-- Recorded information --
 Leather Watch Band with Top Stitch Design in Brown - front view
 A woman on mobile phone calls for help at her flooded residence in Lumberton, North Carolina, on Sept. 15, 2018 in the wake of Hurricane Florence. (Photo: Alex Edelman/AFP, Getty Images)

---

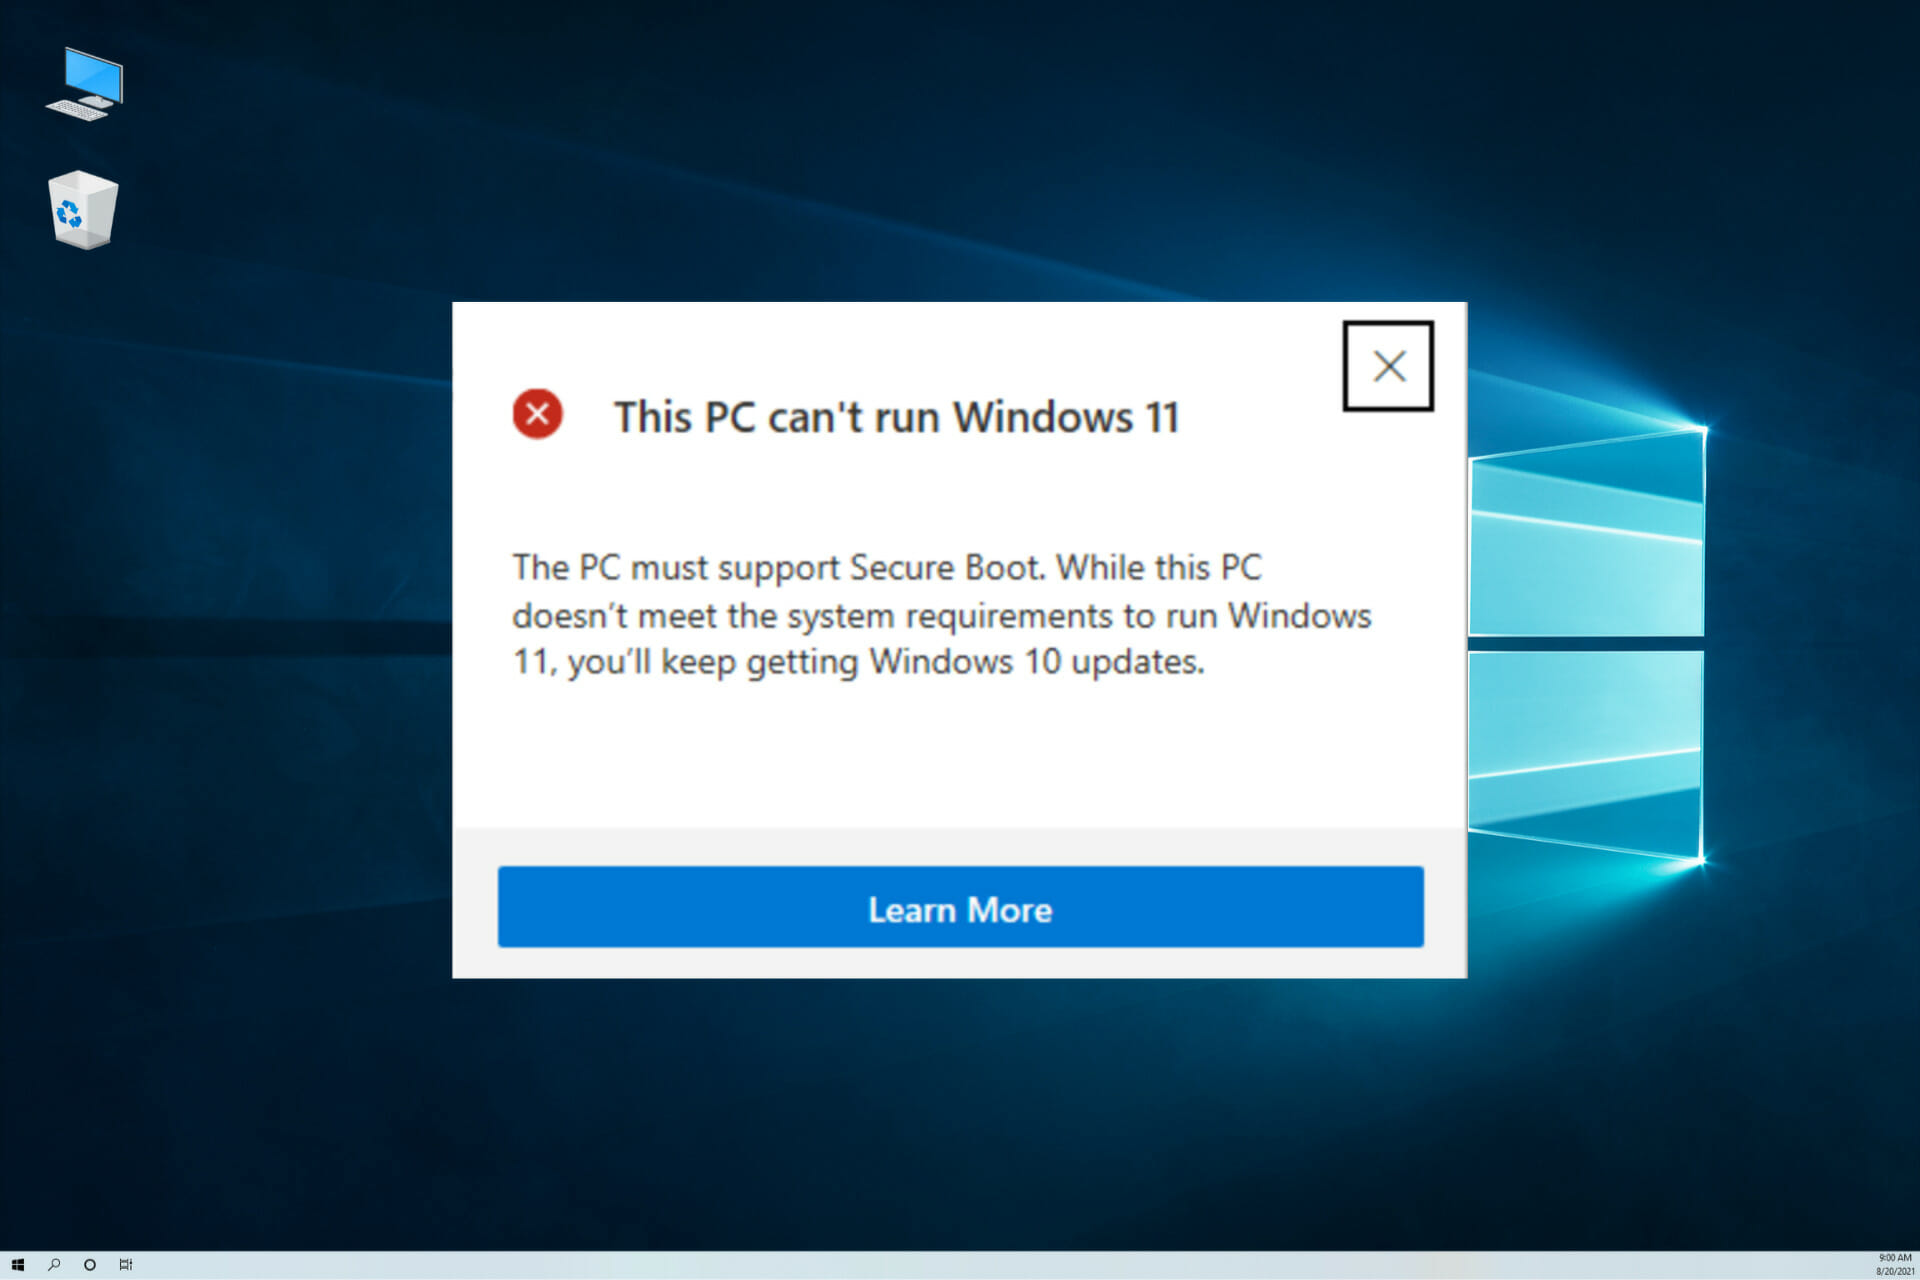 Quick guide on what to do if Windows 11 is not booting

-- What the exercise asks --
Repeat, exactly as they stand above, the lines from the line with "Leather Watch Band" to the line with "A woman on mobile", both lines included.

-- Exercise result --
 Leather Watch Band with Top Stitch Design in Brown - front view
 A woman on mobile phone calls for help at her flooded residence in Lumberton, North Carolina, on Sept. 15, 2018 in the wake of Hurricane Florence. (Photo: Alex Edelman/AFP, Getty Images)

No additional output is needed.